Editor's Note: The writers below are addressing the question, "Is the man who killed the Indiana mall mass shooter a hero?"
Yes, Elisjsha Dicken is a hero
Cam Edwards, InsideSources.com (TNS)
Is Elisjsha Dicken a hero? It depends on whom you ask. The police chief in Greenwood, Ind., thinks he is, as does the mayor. Even the property management company that owns the Greenwood Park Mall where Dicken killed an active shooter in July called his actions "heroic," although Dicken violated mall policy by having his concealed pistol on him while he was shopping with his girlfriend.
Talk to gun-control advocates, on the other hand, and you're likely to hear complaints about praising Dicken for his actions. Sure, he saved lives, but what if this leads to more people carrying guns to protect themselves and others? What if the police thought Dicken was the perpetrator instead of the public defender?

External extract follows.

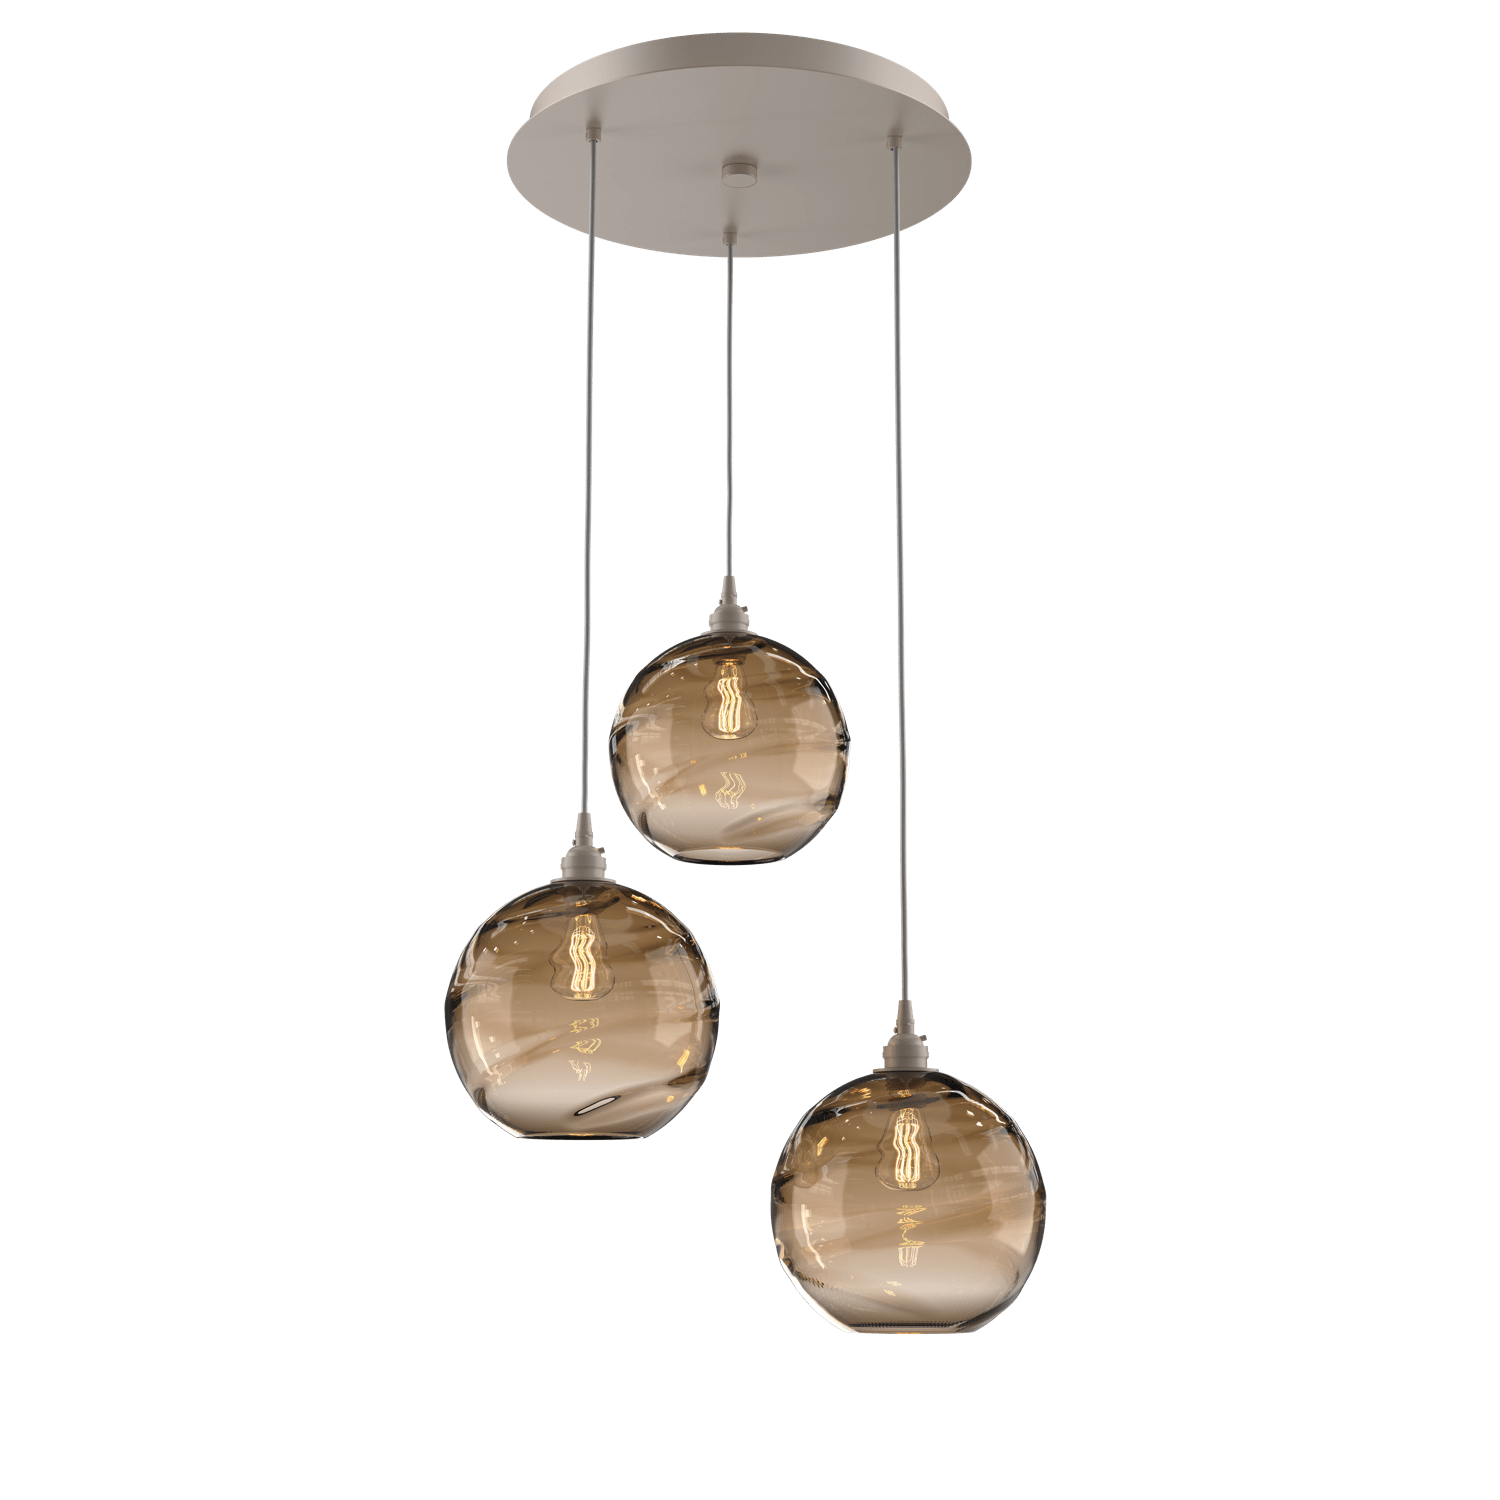 CHB0047-03-BS-OB-Hammerton-Studio-Optic-Blown-Glass-Terra-3-light-round-pendant-chandelier-with-metallic-beige-silver-finish-and-optic-bronze-blown-glass-shades-and-incandescent-lamping

The one "what if" these anti-gun activists don't want to bring up is, "What if there hadn't been an armed citizen on hand to stop this attack within seconds?"
Moms Demand Action founder Shannon Watts originally called for Dicken to be arrested before deleting her tweet and replacing it with one that huffed, "I don't know who needs to hear this, but when a 22-year-old illegally brings a loaded gun into a mall and kills a mass shooter armed with an AR-15 after he already killed three people and wounded others is not a ringing endorsement of our implementation of the Second Amendment."
Others took issue with describing Dicken as a hero or a good Samaritan.
Dicken's heroism is inconvenient to the gun-control crowd because his actions pose a real-world counterpart to their simplistic argument that we can ban our way to safety; that there's some magical set of regulations that, if put in place, will prevent committed killers from carrying out their heinous attacks.
That may be a comforting fantasy for some, but it defies both logic and reality.